That is, each  $T_i$  maps one byte for a particular component through the nonlinear layer input to the linear layer output. With these tables in hand, one AES round amounts to 16 table lookups and 16 bitwise XORs, illustrated in Fig. 1.

Since the last round omits the MixColumns step, its implementation differs. One popular way to implement the last round is as follows. Consider the following table, containing 256 4-byte words.

$$T_4[x] = (S[x], S[x], S[x], S[x])$$

| y0 = T0[x0 & 0xFF] | ^ T1[(x1 >> | 8) & 0xFF] | ^ T2[(x2 >> 16) | & OxFF] ^ T3[x3 > | > 24] ^ rk0; |
|--------------------|-------------|------------|-----------------|-------------------|--------------|
| y1 = TO[x1 & OxFF] | ^ T1[(x2 >> | 8) & 0xFF] | ^ T2[(x3 >> 16) | & OxFF] ^ T3[x0 > | > 24] ^ rk1; |
| y2 = TO[x2 & OxFF] | ^ T1[(x3 >> | 8) & 0xFF] | ^ T2[(x0 >> 16) | & OxFF] ^ T3[x1 > | > 24] ^ rk2; |
| y3 = T0[x3 & 0xFF] | ^ T1[(x0 >> | 8) & 0xFF] | ^ T2[(x1 >> 16) | & OxFF] ^ T3[x2 > | > 24] ^ rk3; |

**Fig. 1.** One AES round with the T tables approach. 32-bit unsigned integers  $x_i$  hold state column *i* and  $rk_i$  are words of the particular round key.

Duplicating the S-box output across the word means that no shifting is necessary to place the S-box output in the proper component. Instead, the redundant bytes in the output get masked off with a bitwise AND operation after the lookup. Implementation of the last round otherwise follows the computation in Fig. 1, with the lookups into all  $T_i$  replaced with lookups into  $T_4$ .

As a final note, there are countless strategies for implementing AES software, but the preceding description is accurate for the popular C reference implementation rijndael-alg-fst.c by P. Barreto et al. used already in the AES competition.

#### 2.2 Cache-Timing Attacks

This T tables implementation approach potentially exposes the AES software to cache-timing attacks. Lookups into the memory-resident T tables cause data cache lines to be populated and evicted. Consider a typical data cache line size of 64 bytes. Each T table is 1kB, hence spans 16 lines in the cache. For one particular lookup of the  $10 \times 16 = 160$  lookups in an AES encryption (or decryption), the latency of the lookup depends on the state of the cache and hence the state of the AES algorithm. Amongst the plentiful AES cache-timing results over the past decade that leverage this varying latency to carry out cryptanalytic side-channel attacks, two are particularly relevant to this paper and are discussed below.
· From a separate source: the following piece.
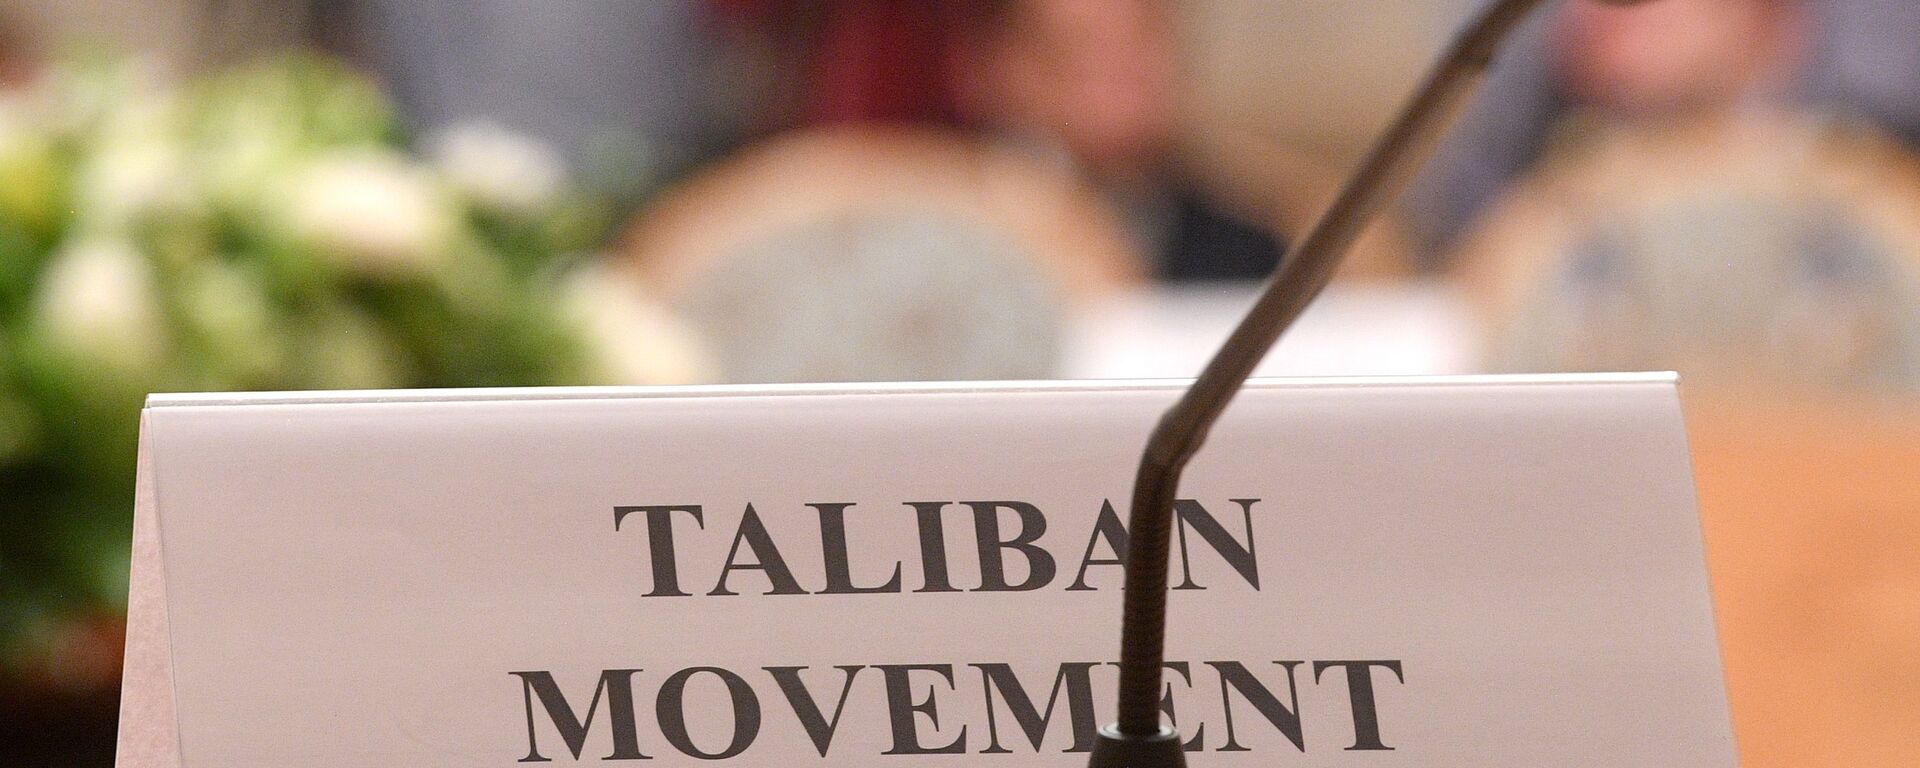 Табличка на столе представителей движения Талибан  - Sputnik Ўзбекистон, 1920, 09.07.2021

**Prime and Probe.** Osvik et al. [8] devise a number of cache-timing attacks against T table based implementations of AES. For the purposes of this paper, the most important part of their work is the strategy they devise to procure the timings called "Prime+Probe". In this strategy, the attacker first brings the cache to a known state by either filling the entire cache or relevant cache sets by performing loads and stores, inducing cache line population and eviction. The attacker then submits a plaintext block. After the encryption completes, the attacker, cache set-wise, measures the time required to re-read the data in the cache sets, obtaining a latency measurement for each set. High latency implies cache misses and that the victim accessed data mapping to the cache set, and low latency the opposite.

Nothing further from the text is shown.